У господина Булемана была родственница, дочь его матери от первого брака, которая со смертью последней получила свою мизерную долю наследства и поэтому не имела притязаний на унаследованные им богатства. Ему же не было никакого дела до этой единоутробной сестры, хотя она жила на окраине города в очень стесненных условиях, потому что еще меньше, чем с остальными людьми, господин Булеман любил общаться с бедствующими родственниками. Только однажды, когда вскоре после смерти мужа она уже в довольно зрелом возрасте родила болезненного мальчика, сестра пришла к нему, прося о помощи. Фрау Анкен, впустившая ее, осталась, подслушивая, сидеть на лестнице и вскоре она услышала наверху резкий голос своего хозяина, затем дверь открылась, и женщина, рыдая, стала спускаться по лестнице. В тот же вечер фрау Анкен получила строгое указание не снимать впредь цепь с двери, если эта Кристина явится еще раз.
Старуху все больше пугали колючие совиные глаза и крючковатый нос ее хозяина. Когда он выкрикивал наверху ее имя, или, как он привык на корабле, просто свистел, заложив в рот два пальца, фрау Анкен торопилась явиться на его зов, где бы она ни находилась, и, кряхтя, взбиралась вверх по узкой лестнице, причитая и бормоча себе под нос проклятья.

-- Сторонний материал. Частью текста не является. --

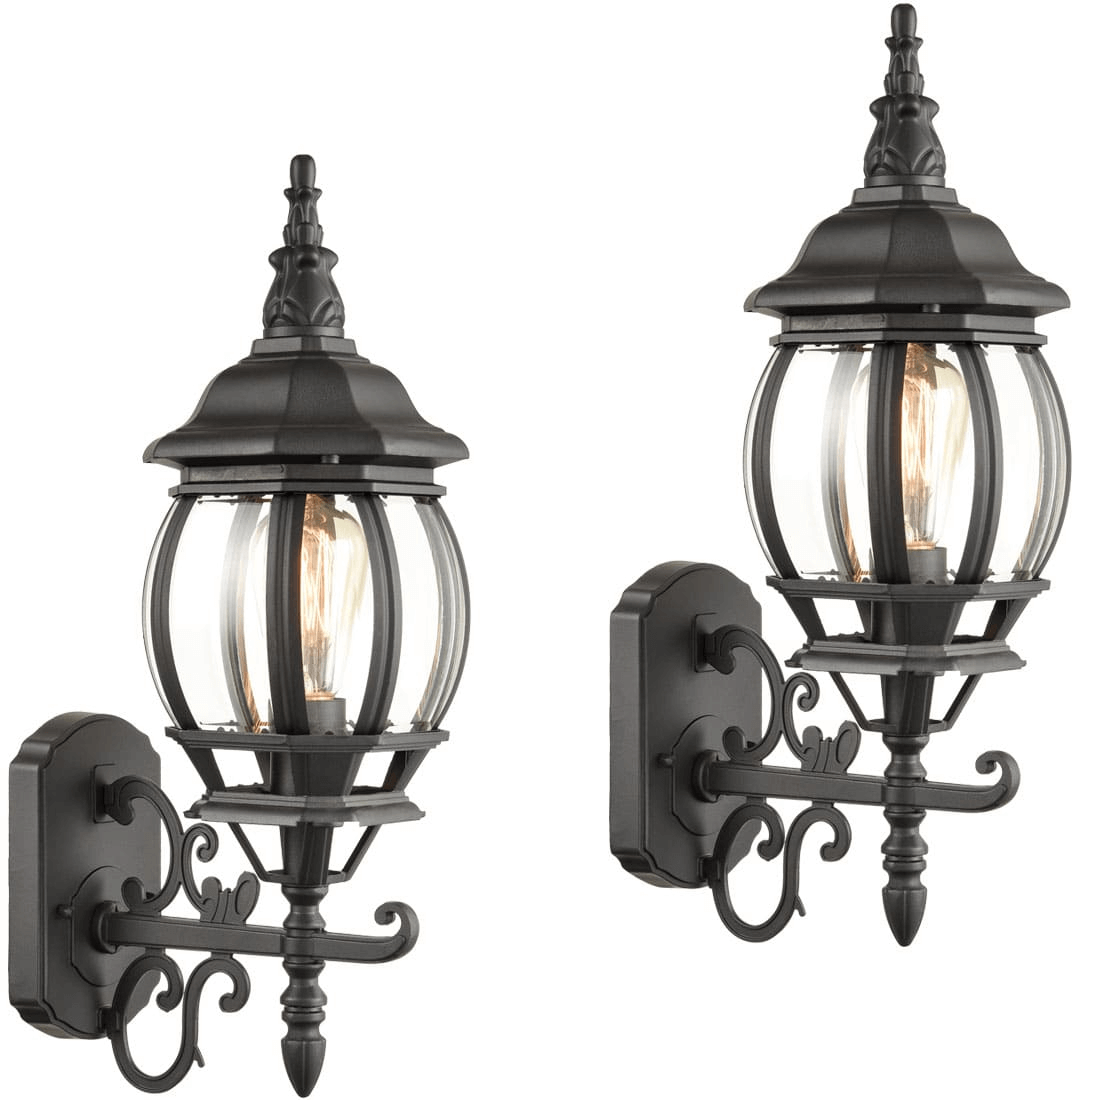 Industrial Wall Sconce in Matte Black with Waterproof Exterior

Однако подобно тому, как господин Булеман сколотил свое состояние, фрау Анкен не совсем праведным путем тоже делала некоторые накопления. Уже в первые годы их совместного проживания на нее напал какой-то детский страх перед тем, что когда-нибудь ее хозяин возьмет на себя хозяйственные расходы и тогда она при его скупости окажется на старости лет в бедственном положении. Чтобы обезопасить себя на этот случай, она соврала ему, что пшеница подорожала, и в скором времени потребовала соответствующего увеличения суммы, отпускавшейся на покупку хлеба. Суперкарго, который только что составил смету прожиточного минимума, ругаясь, разорвал свои расчеты и сделал их заново, включив требуемую сумму в недельный рацион. Достигнув цели, фрау Анкен, для успокоения совести и памятуя о пословице «То, что съедено — то не украдено», не утаивала излишки получаемых денег, а регулярно покупала на них пшеничные хлебцы, которыми она, поскольку господин Булеман никогда не заходил в комнаты нижнего этажа, постепенно заполняла большие шкафы из орехового дерева, освобожденные от своего драгоценного содержимого.